Ozil, with the shout of a man awakened in a house tumbling down, regained his box at a run; while Flore, stiff and motionless, watched the manoeuvre necessitated by the accident in the darkness of night. Two days later, the pointsman, who had been removed, having no suspicion of her duplicity, called to bid her farewell, imploring her to join him as soon as she lost her mother. So her plot came to nothing, and she would have to think of something else.

At this moment, under the influence of the recollection she had evoked, the mist of reverie clouding her eyes disappeared, and again she perceived the corpse in the light of the yellow flame of the candle. Her mother was no more.

Should she leave, and wed Ozil, who wanted her, and would perhaps make her happy? All her being revolted at the idea. No, no. If she had the cowardice to allow the other two to live and to live herself, she would prefer to tramp the roads, to take a situation as servant, rather than belong to a man she did not love. And a sound, to which she was unaccustomed, having caused her to listen, she understood that Misard with a mattock was engaged in excavating the beaten earth floor of the kitchen.
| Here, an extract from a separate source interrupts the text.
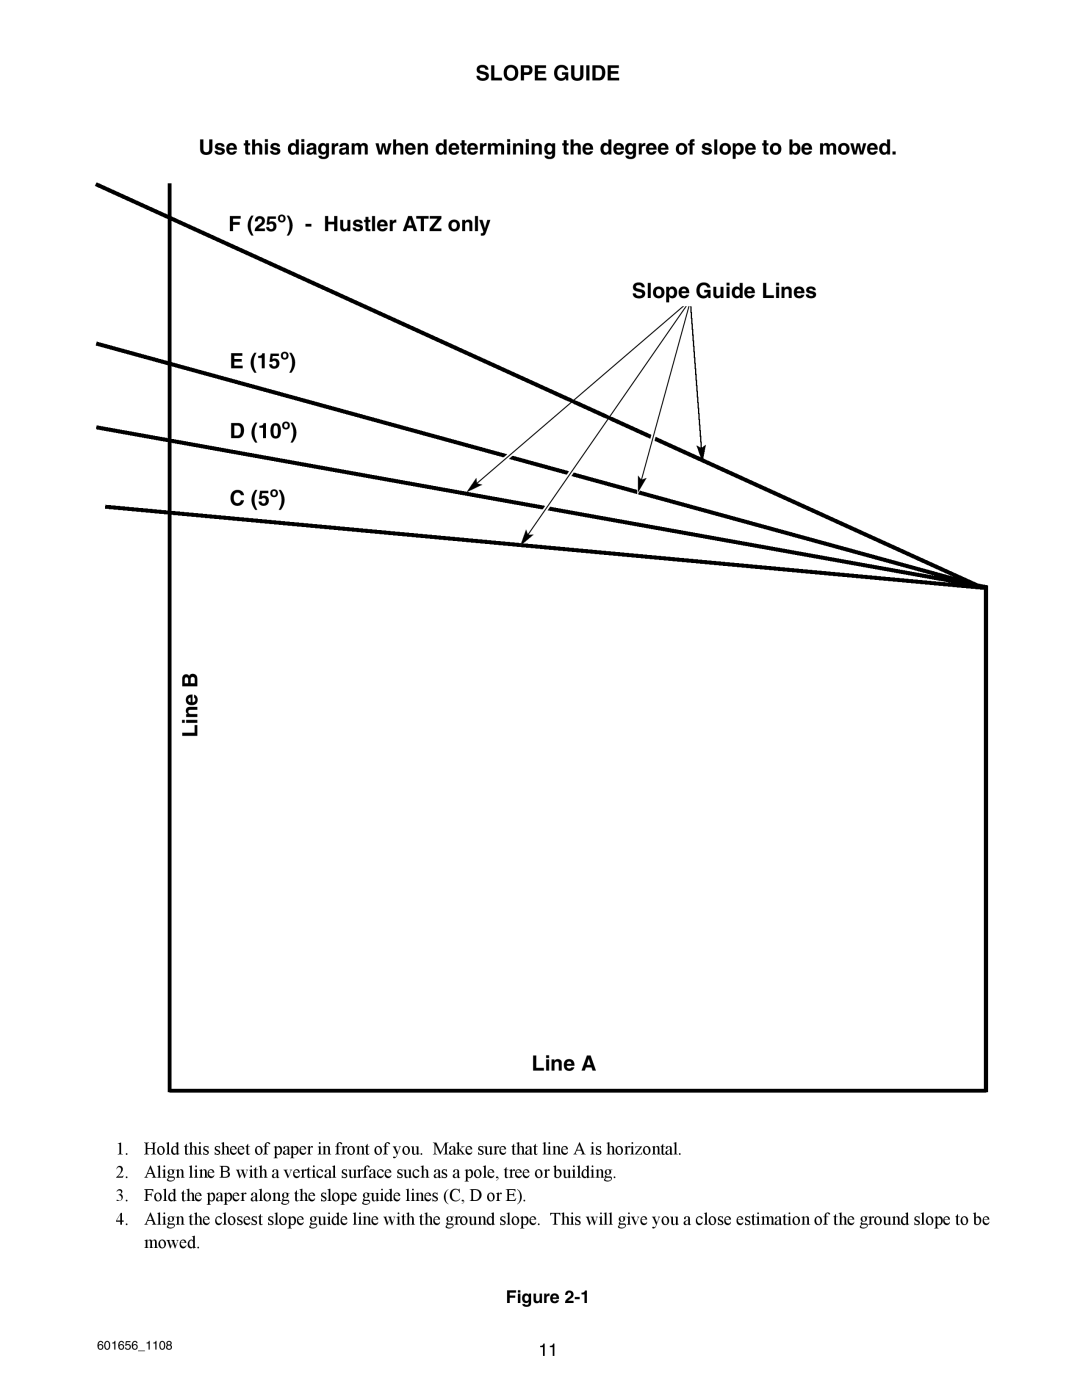 Hustler Turf 927566, 927053, 927848 Slope Guide, Use this diagram when determining the degree of slope to be mowed, Line A 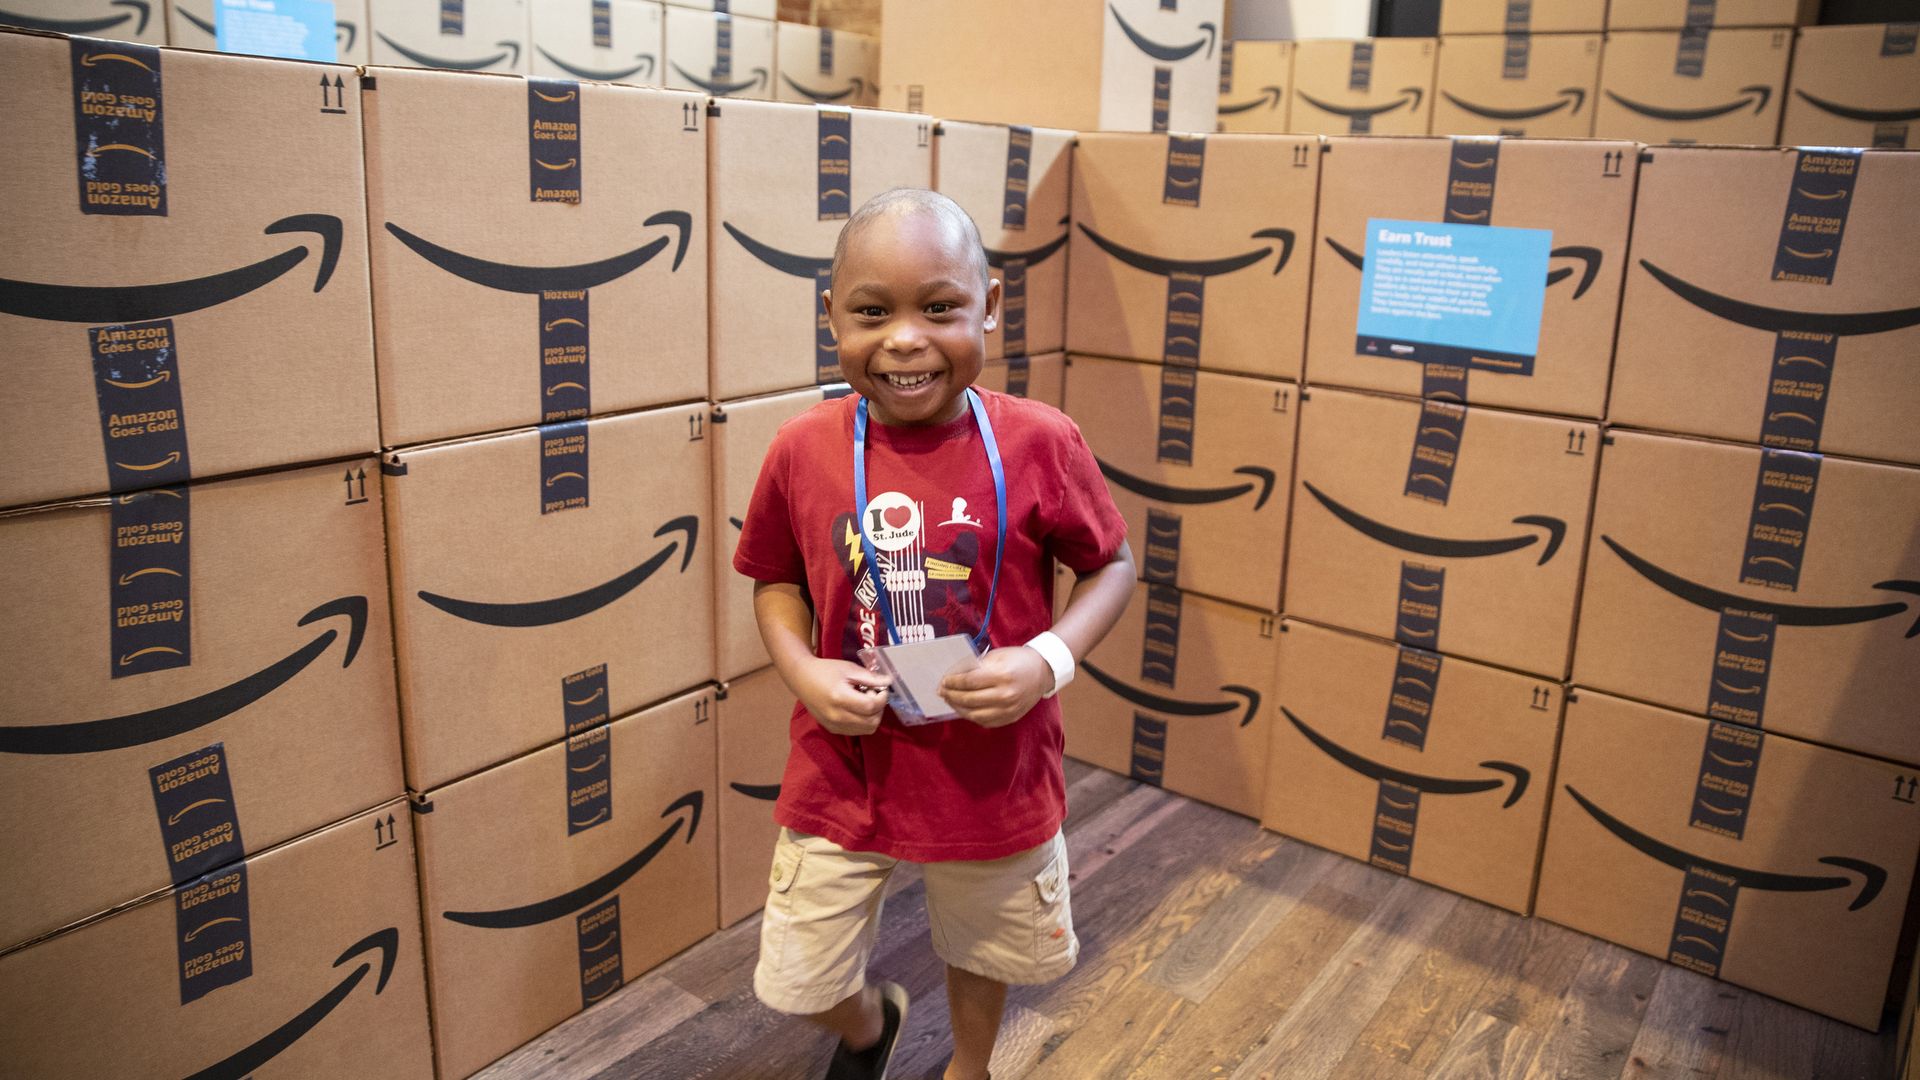 A boy in a red shirt stands in front a pile of Amazon boxes

He was going mad in his search for the hoard; he would have gutted the house. No, she would not remain with this one either. What was she going to do? There came a blast of wind, the walls vibrated, and on the pallid countenance of the corpse passed the reflex of a furnace, conveying a blood-like hue to the open eyes, and to the ironic rictus of the lips. It was the last slow train from Paris, with its ponderous, sluggish engine.

Flore had turned her head, and looked at the stars shining in the serenity of this spring night.

“Ten minutes past three,” she murmured. “Another five hours, and they will pass.”

She would begin over again; her suffering was too great To see them like this each week was more than her strength could bear. Now that she was sure of not having Jacques to herself alone, she preferred that he should no longer exist, that there should be nothing. And the aspect of this lugubrious room, where she sat watching, imbued her with mournful suffering, and made her feel an increasing need to annihilate everything. As there remained no one who loved her, the others could go with her mother. As for corpses, there would be more and more still, and they could carry them all away at the same time. Her sister was dead, her mother was dead, her love was dead. What could she do? Remain alone? Whether she stayed or left, she would always be alone, while the others would be two together. No, no! let everything go to smash rather than that. Let death, who was there in this room, blow on the line and sweep the people away.